In Gauss-Seidel, you are using this $A=L+U$ splitting implicitly. So, you never form $L$, $U$, or $L^{-1}$ explicitly. Which is extremely good, since forming an additional matrix (not even talking about a calculation of an explicit inverse) is a huge burden.
Instead, since $L$ is lower triangular, you can change the explicit inverse of $L$, by performing a row-by-row forward subsitution.
Notice, that solving for (via the forward substitution when $L$ is lower-triangular):
$$
\begin{equation}
L\mathbf{y}=\mathbf{b}
\label{1}
\tag{1}
\end{equation}
$$
is theoretically the same as performing a matrix-vector product:
$$
\begin{equation}
\mathbf{y}=L^{-1}\mathbf{b}
\label{2}
\tag{2}
\end{equation}
$$
However, numerically you always want $\eqref{1}$, not $\eqref{2}$. The reasons are simple: computation of the matrix inverse is numerically unstable and has a huge cost. (see Q1 (especially this answer), Q2 for some additional details).

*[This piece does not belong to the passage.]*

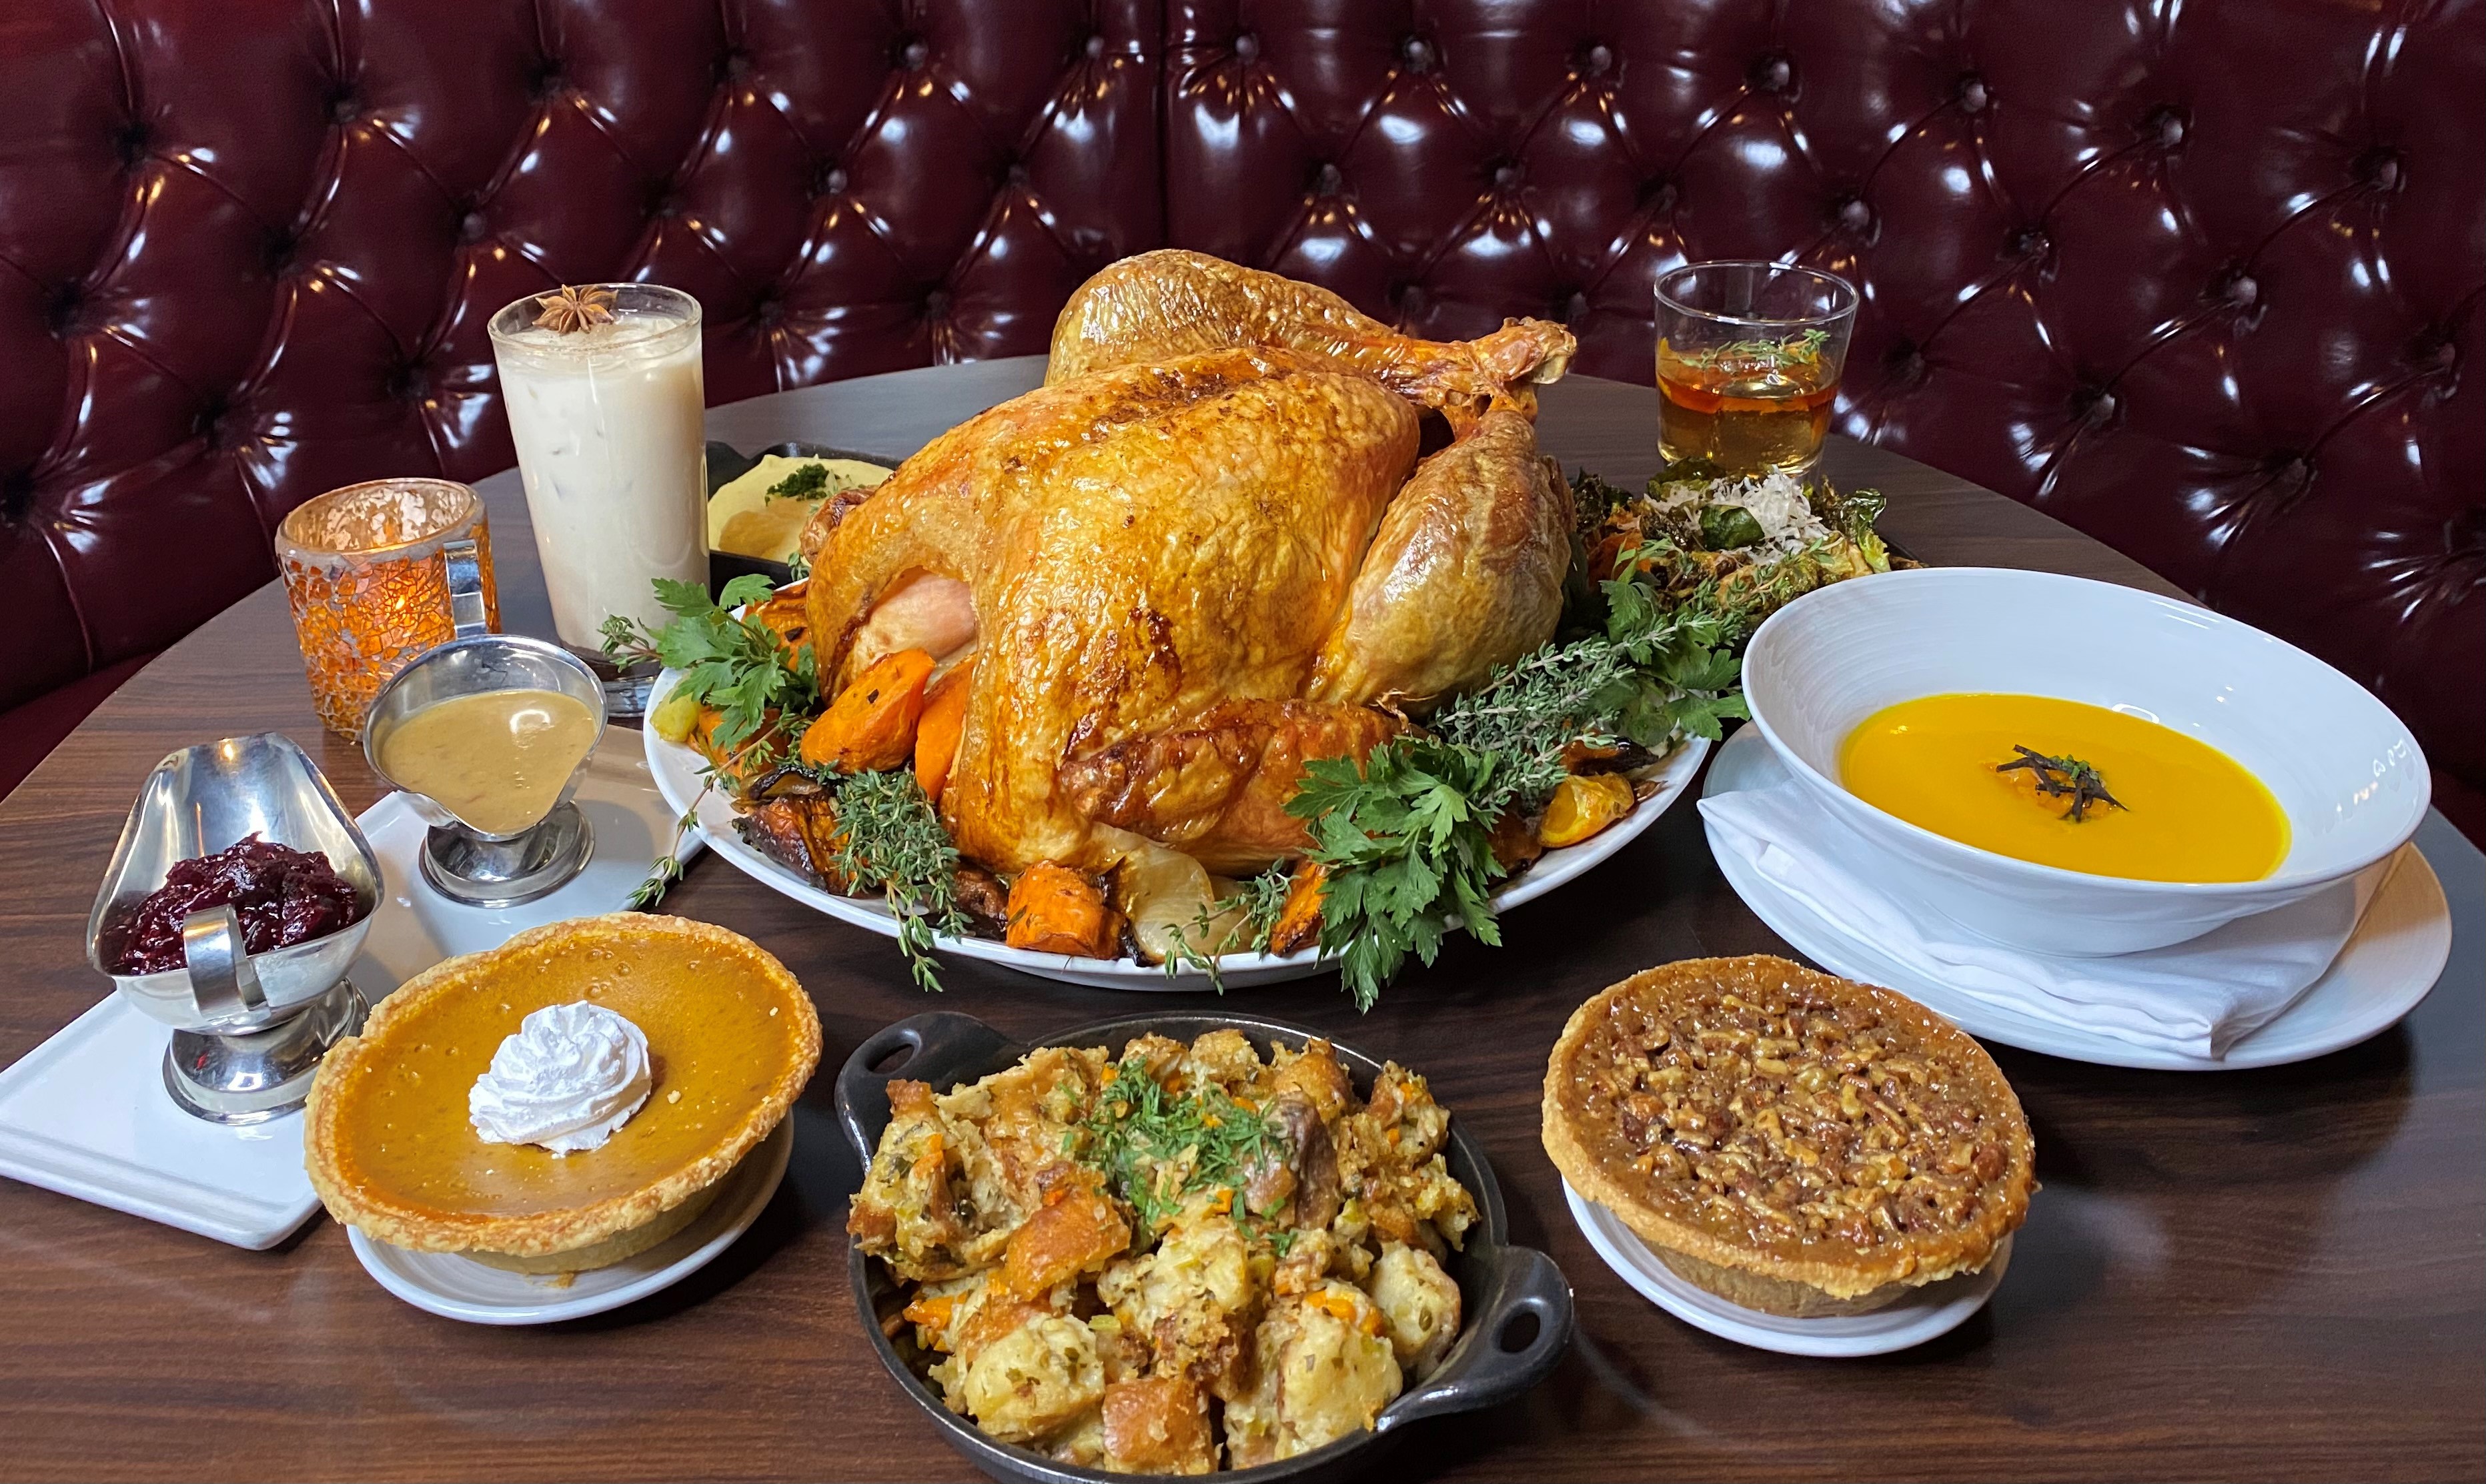 Thanksgiving food special 2023 at Oscar's Steakhouse inside the Plaza Hotel in DTLV

With that in mind, take a look at the expression from Wikipedia article on Gauss-Seidel. The iteration:
$$
\mathbf{x}^{(k+1)}=L^{-1}(\mathbf{b}-U\mathbf{x}^{(k)})
$$
is totally equivalent to a for-loop for $i$
$$
\begin{equation}
x^{(k+1)}_i=\frac{1}{a_{ii}}\left(b_i-\sum\limits_{j=1}^{i-1}a_{ij}x_{j}^{(k+1)}\right)-\frac{1}{a_{ii}}\left(\sum\limits_{j=i+1}^{n}a_{ij}x_j^{(k)}\right)
\label{3}
\tag{3}
\end{equation}
$$
Here, $a_{ij}$ are the entries of the original matrix $A=L+U$, $k$ is the iteration number, $n$ is the dimension of the square matrix $A$. By looking at $\eqref{3}$, you still see those $L$ and $U$; however, they are present only implicitly, and all operations are done with the entries of the original matrix $A$ stored exactly as it was before.
side-note:
Matrix decomposition usually implies factorization, so $A=L+U$ is not really (strictly) one according to the definition.
$A=L+U$ splitting (used in this question) has nothing to do with a more famous $A=LU$ LU decomposition.